* **REQUIRED ACTION**: Nothing but the lines from the one containing "If the person" through the last line of the data below should be returned, each exactly as it stands, pictures excluded.

* **DATA SEGMENT**:

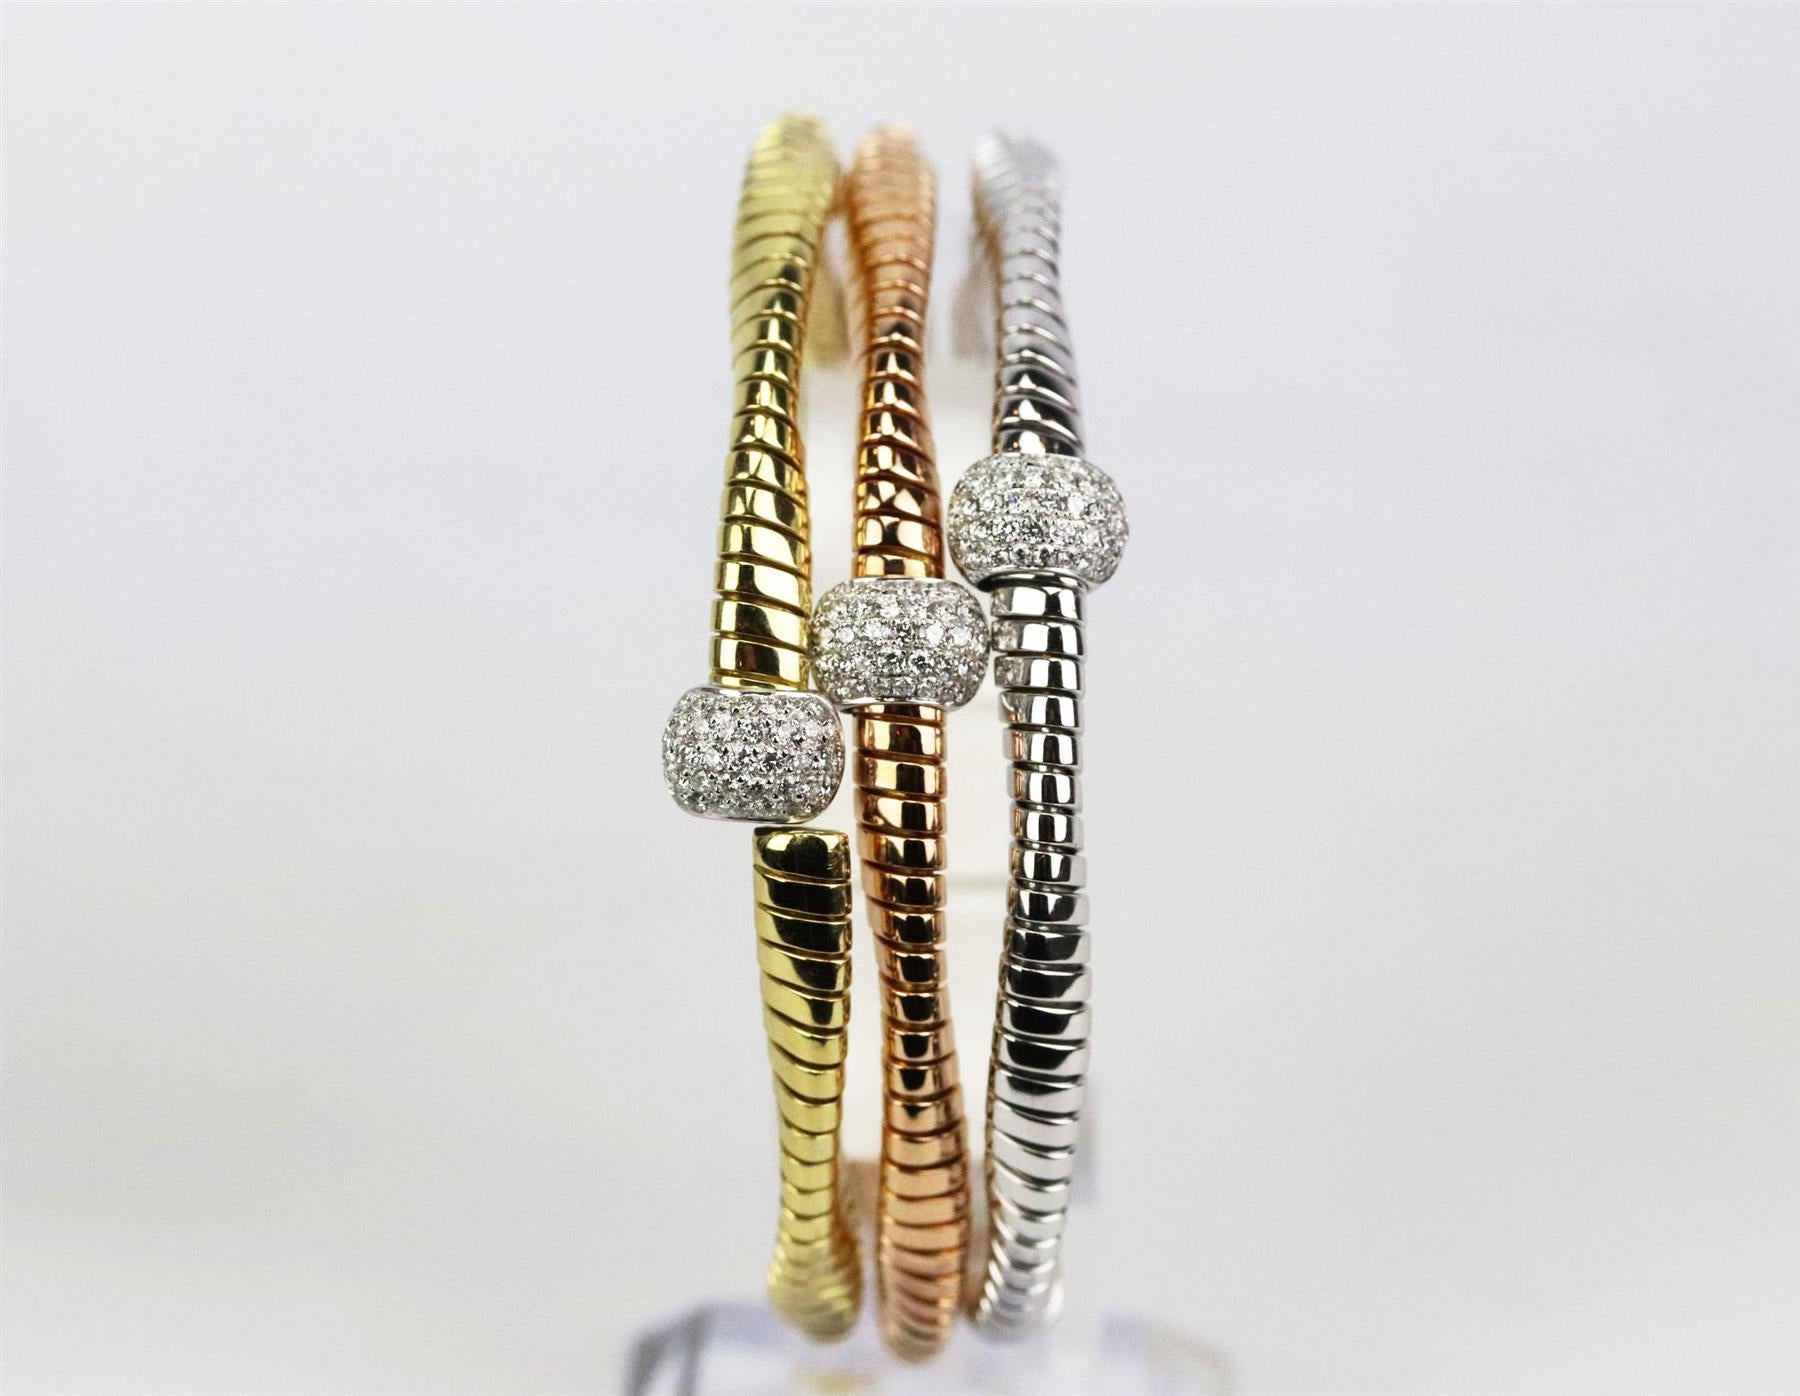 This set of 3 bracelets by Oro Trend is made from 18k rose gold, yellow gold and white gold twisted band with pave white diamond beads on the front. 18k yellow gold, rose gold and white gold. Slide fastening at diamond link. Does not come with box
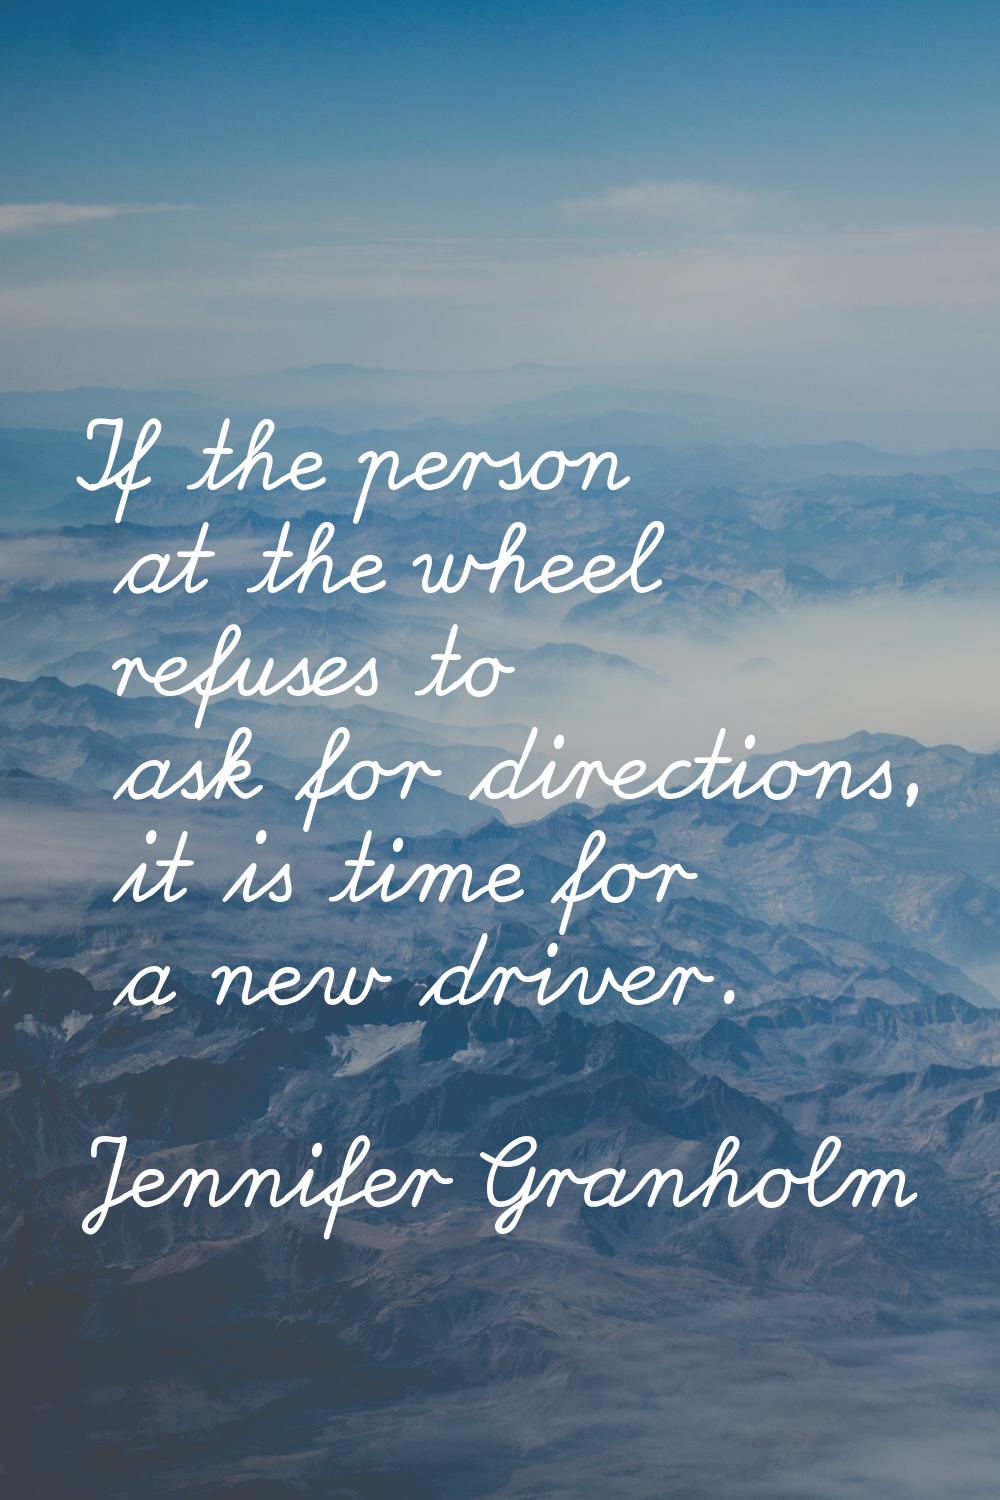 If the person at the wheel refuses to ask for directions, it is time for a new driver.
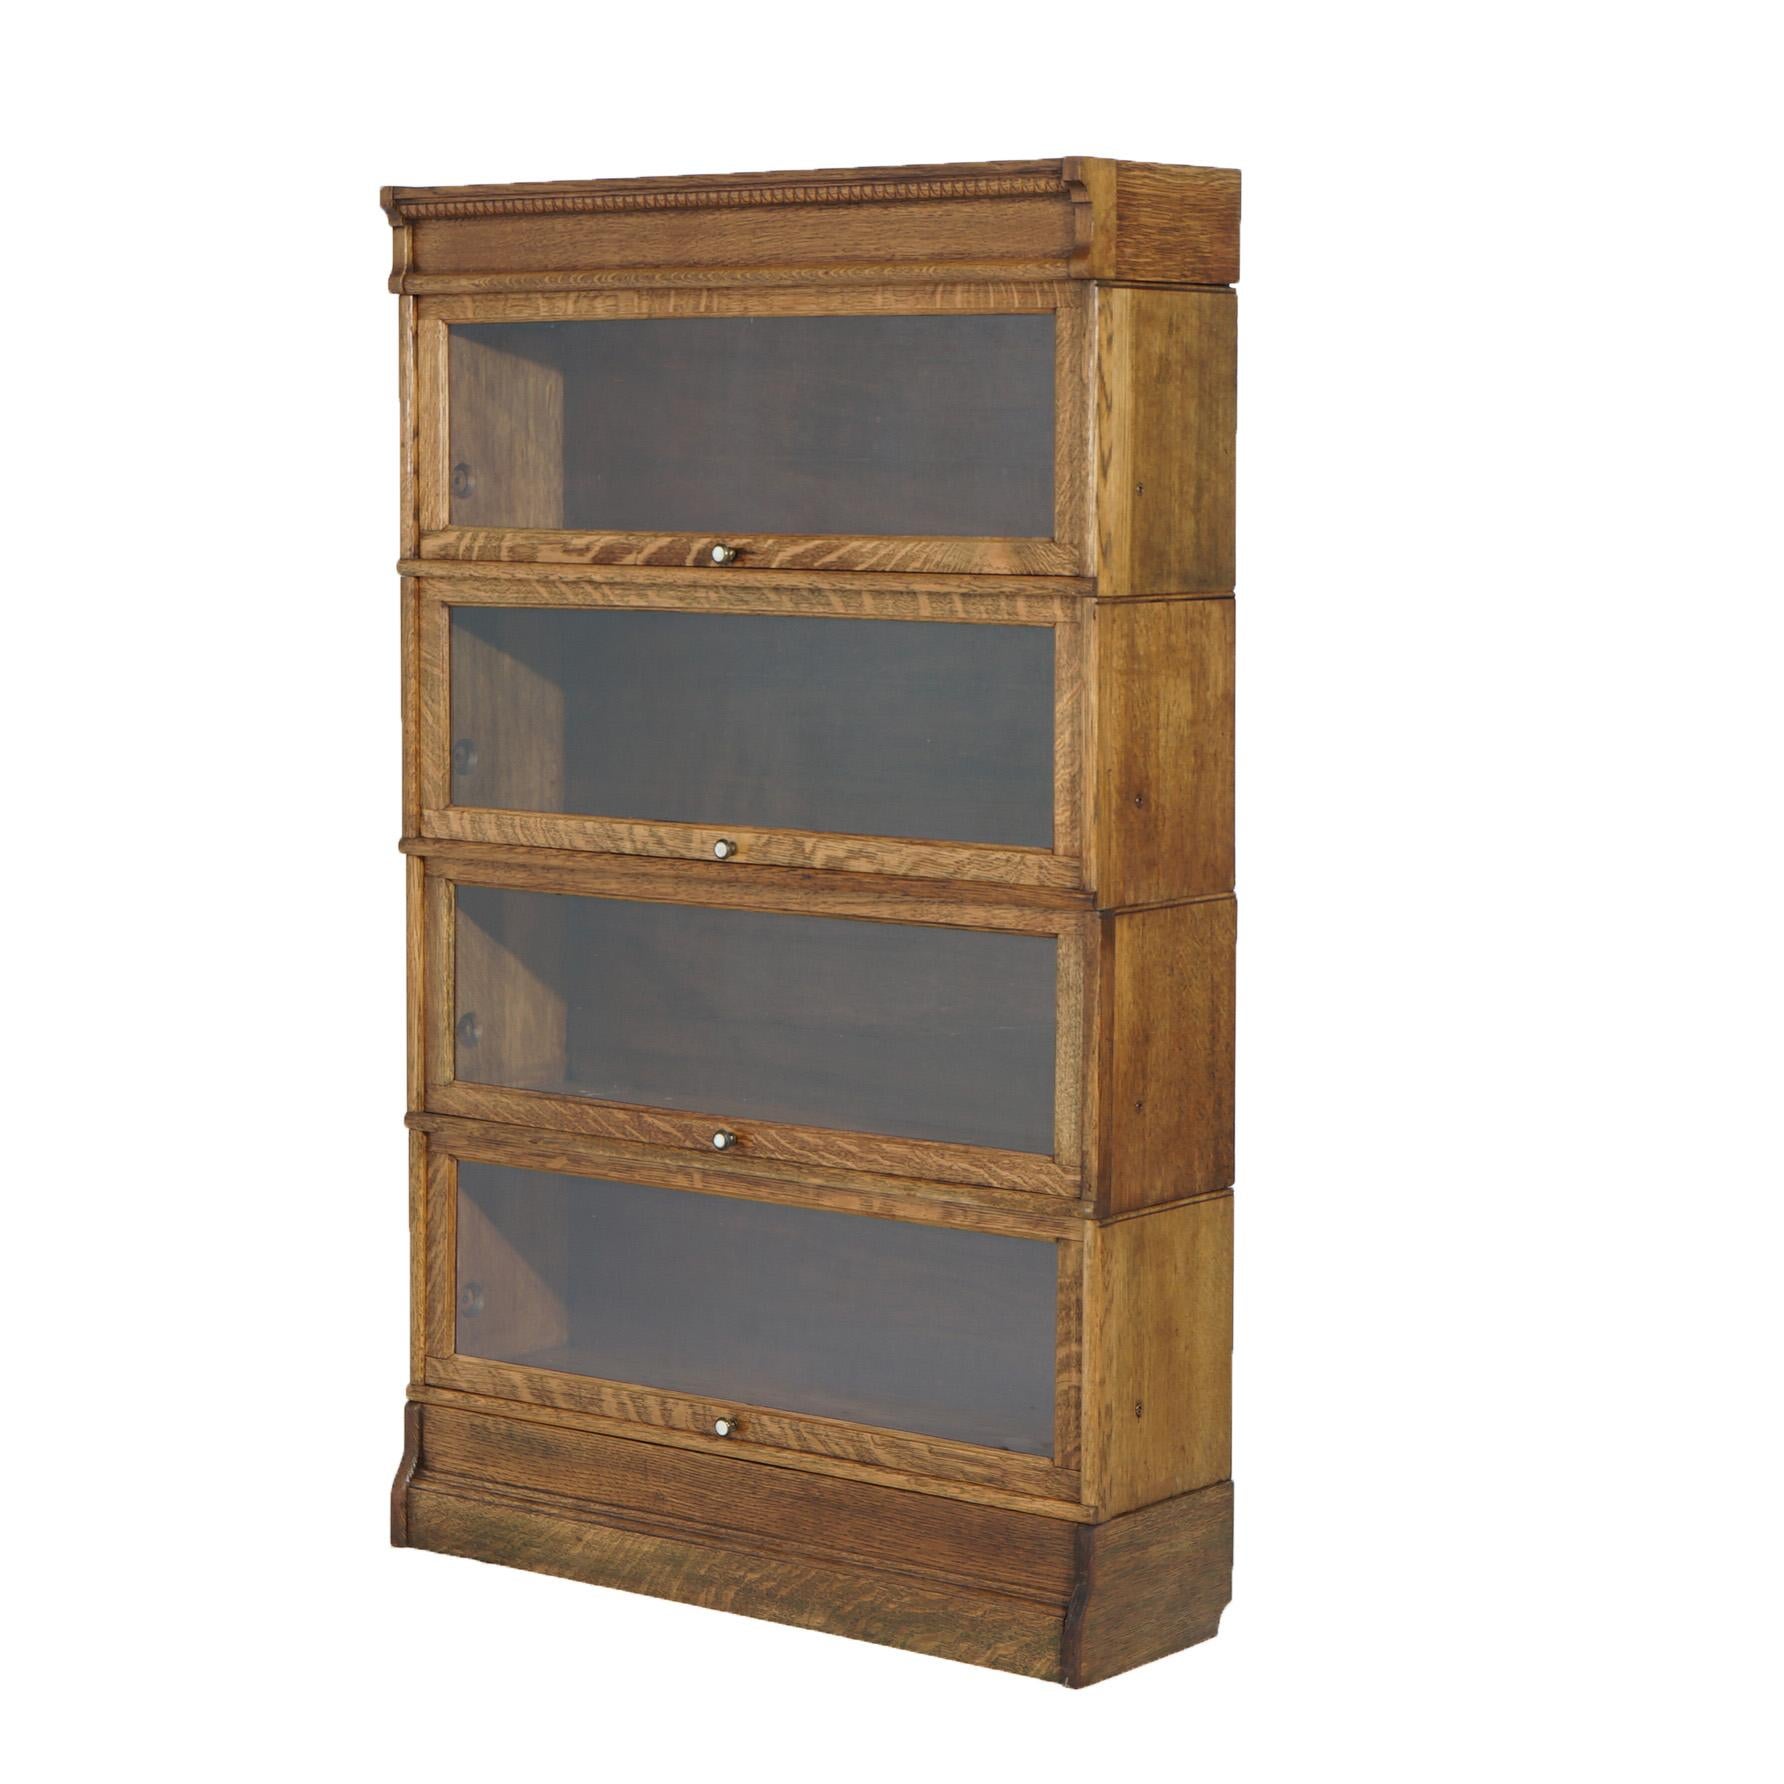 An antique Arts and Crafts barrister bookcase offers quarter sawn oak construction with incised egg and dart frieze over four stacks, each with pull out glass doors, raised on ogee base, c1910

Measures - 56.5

* **RESULT OF THE EXERCISE**:
 If the person at the wheel refuses to ask for directions, it is time for a new driver.
 An antique Arts and Crafts barrister bookcase offers quarter sawn oak construction with incised egg and dart frieze over four stacks, each with pull out glass doors, raised on ogee base, c1910

Measures - 56.5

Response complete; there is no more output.